Our measurements also reveal another insight for camera oximetry using flash illuminants: The strong light intensity of a flash saturates the red channel quickly, which requires the camera to reduce its sensitivity to resolve a signal in the green band. Since the digitizer has to perform tone mapping across the entire sensor, not for individual color bands, as the fundamental camera sensor is a gray level sensor with a corresponding color-band filter atop each pixel. Therefore, the red signal gets diminished by the amplification of the green signal, which requires a trade-off in sensitivity. Unlike the flash, the display produces brighter illumination in the green than in the red band, causing the resulting recording to contain a bigger signal-to-noise ratio in both, the red and the green signal

Android PulseOx Camera Oximetry: LCD illumination bands vs. OLED screen illumination bands

Figure 5. The normalized light intensities of an OLED screen and an LCD screen are similar; OLEDs are relatively stronger in the red and green band.
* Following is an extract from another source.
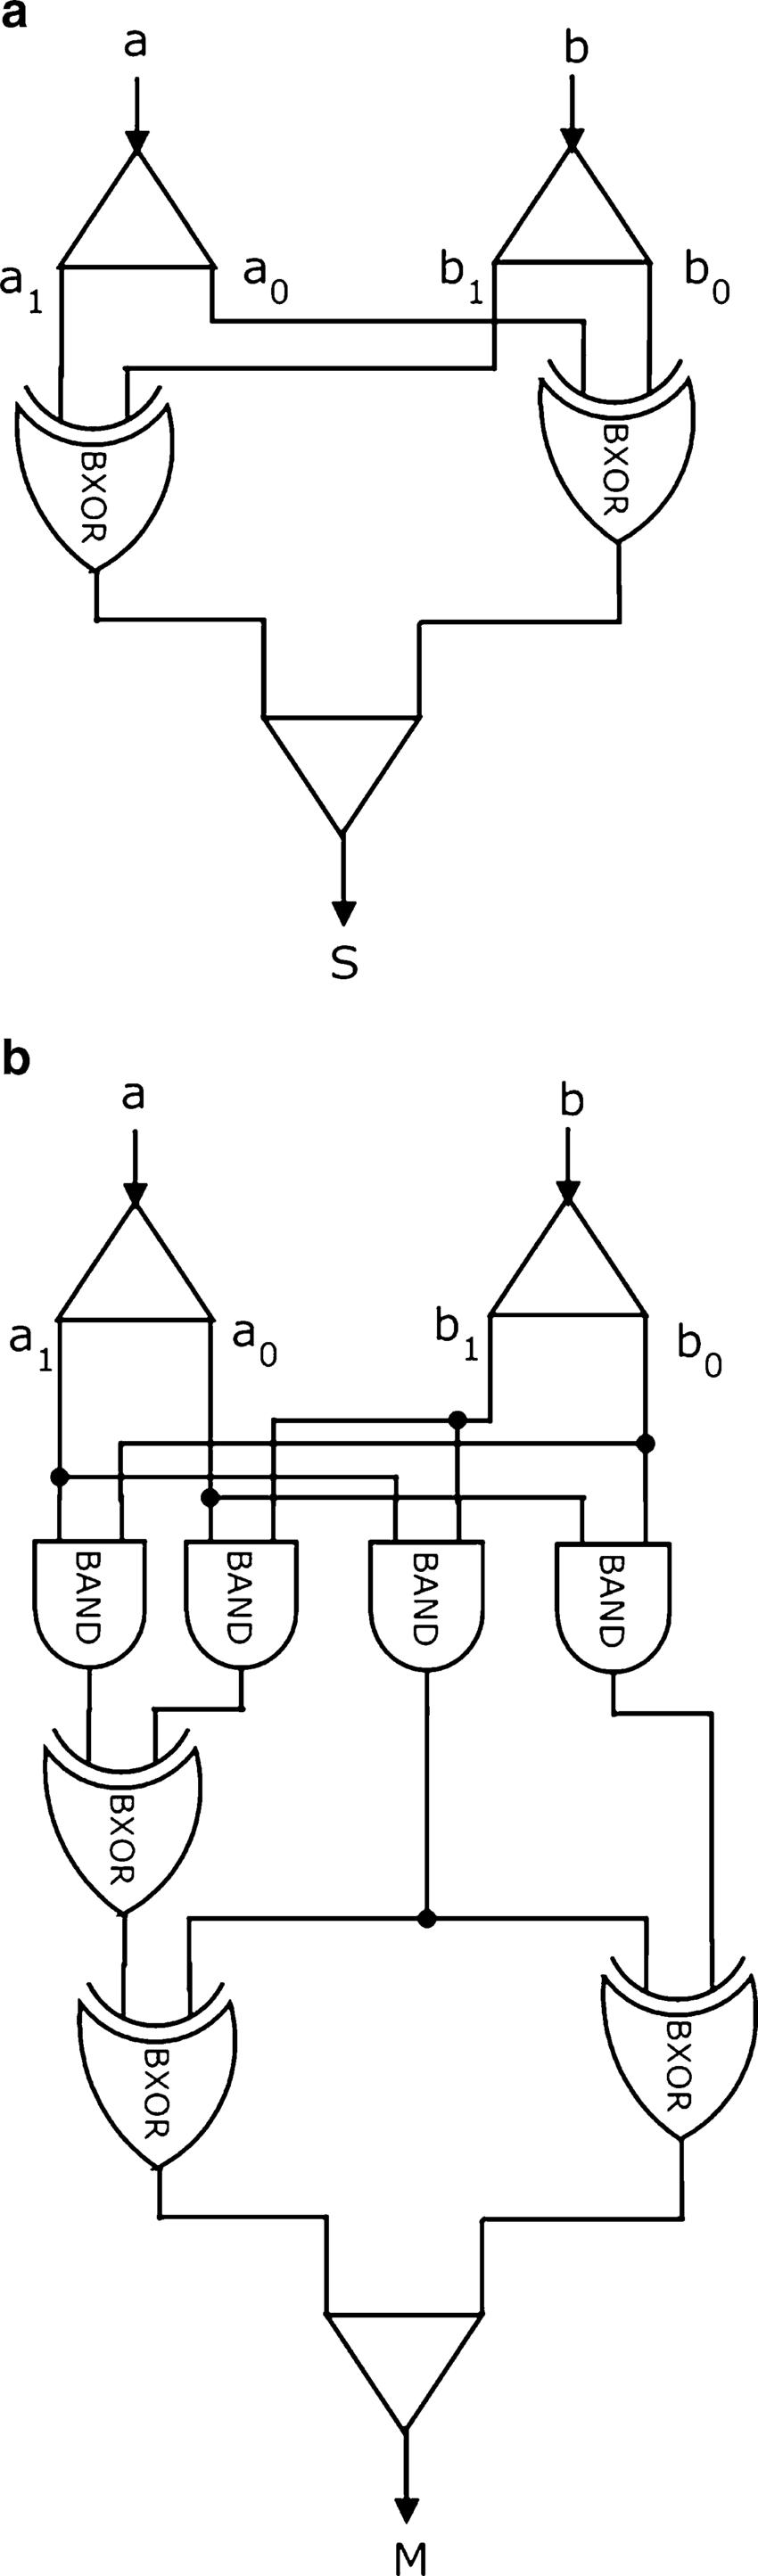 hight resolution of gf 4 a addition b multiplication circuit block diagram bxor binary xor gate

The LCD screen on the Nexus 5 and the OLED screen on the Galaxy S6 produced comparable spectra. The intensity of the illumination of the OLED screen is higher, showing red and green illuminations that are twice as strong compared to the Nexus 5 LCD screen. This is due to a brighter display in the S6, which boosts our signal quality even further due to the stronger illumination in the appropriate bands. As shown in Table 1, using the OLED for illumination produces a 3.7x higher contrast in the camera signal (0.63% vs. 0.17%) than the signal recorded from reflections using the flash.